Lithuanian futsal club

FK Kauno Žalgiris is a professional futsal club from Kaunas, Lithuania. The club has been dominating Lithuanian Futsal A Lyga and the Lithuanian Futsal Cup, and is a regular to the main round of the UEFA Futsal Champions League. The club was known as FK Vytis futsal before an acquisition by basketball and football club Kauno Žalgiris

==History==
=== FK Vytis ===
FK Vytis futsal was founded in 2013. The club's predecessor history is intertwined with two other Kaunas teams Atletas and Inkaras, whose football, futsal and beach football teams merged, split, fell apart and got re-established.

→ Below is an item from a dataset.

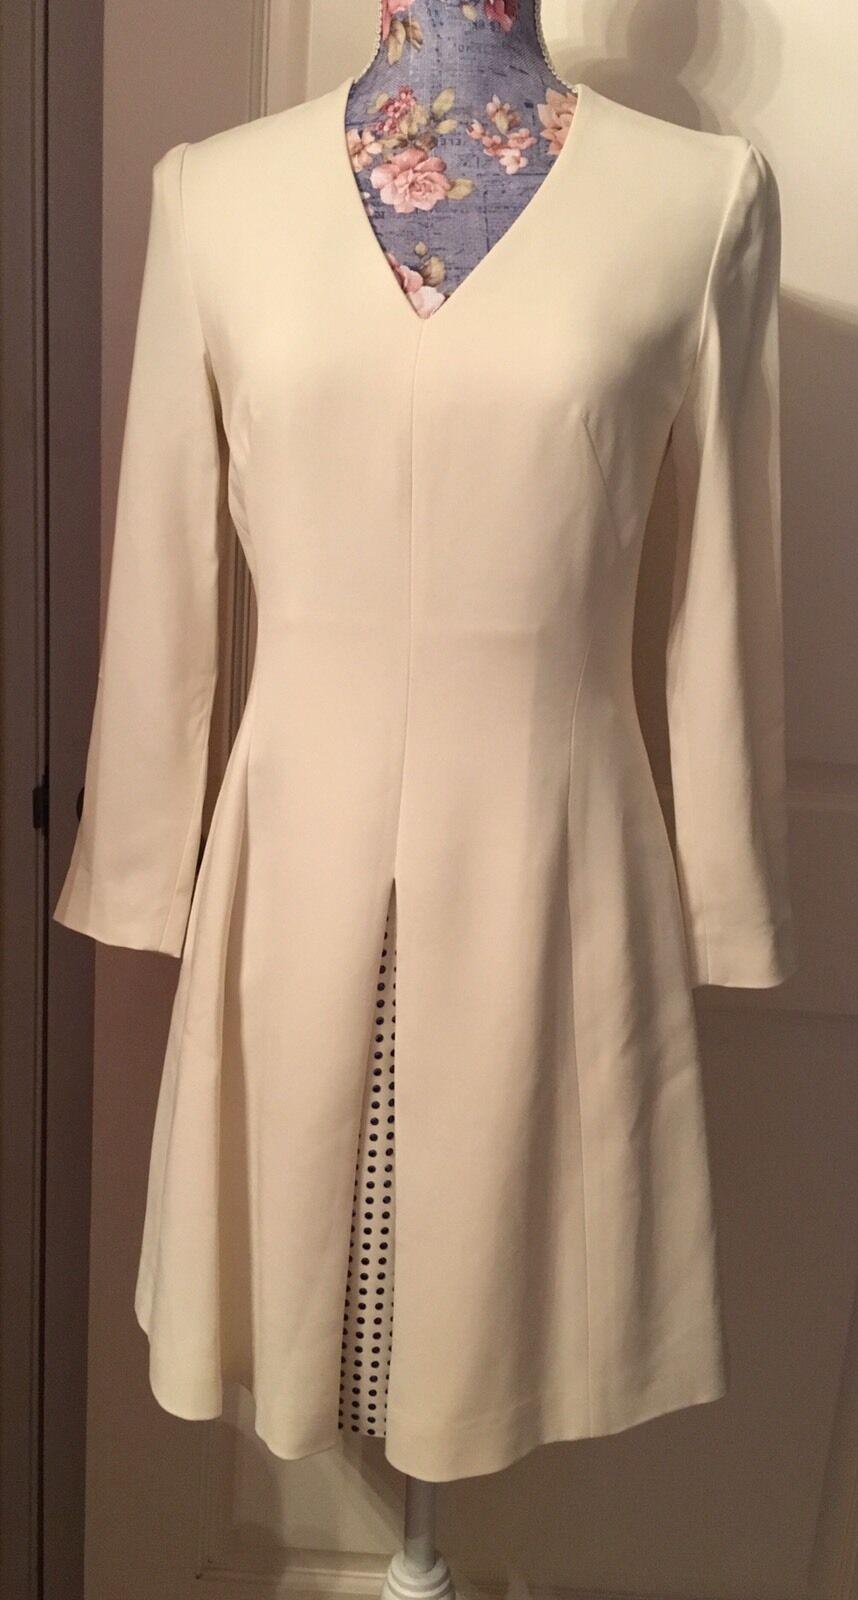 NWT 435  Just Cavalli Ivory Short Dress, Size US4(IT40)

Vytis got stronger within next three years, and won their first domestic league and cup double in 2016–2017 season. The club became the dominant force in Lithuanian futsal, winning 6 league titles in a row, including 5 league and cup doubles.

=== FK Kauno Žalgiris ===

In October 2020 Kaunas sports organisation Žalgiris announced that FK Vytis will join its structure, which already include BC Žalgiris basketball, FK Kauno Žalgiris football clubs as well as respective youth academies. Kauno Žalgiris club aimed to create a complete "football pyramid", and did not yet have a futsal team. 2021 February 26 the club officially changed its name, until then it was prevented by the requirement of the UEFA Futsal Champions League for clubs not to change names while a season is ongoing.

In 2021 the club signed a number of Brazilians, including team manager Dentinho, who was also offered to simultaneously manage Lithuania national futsal team. In 2022 the club signed Ricardo, a son of famous footballer Cacau.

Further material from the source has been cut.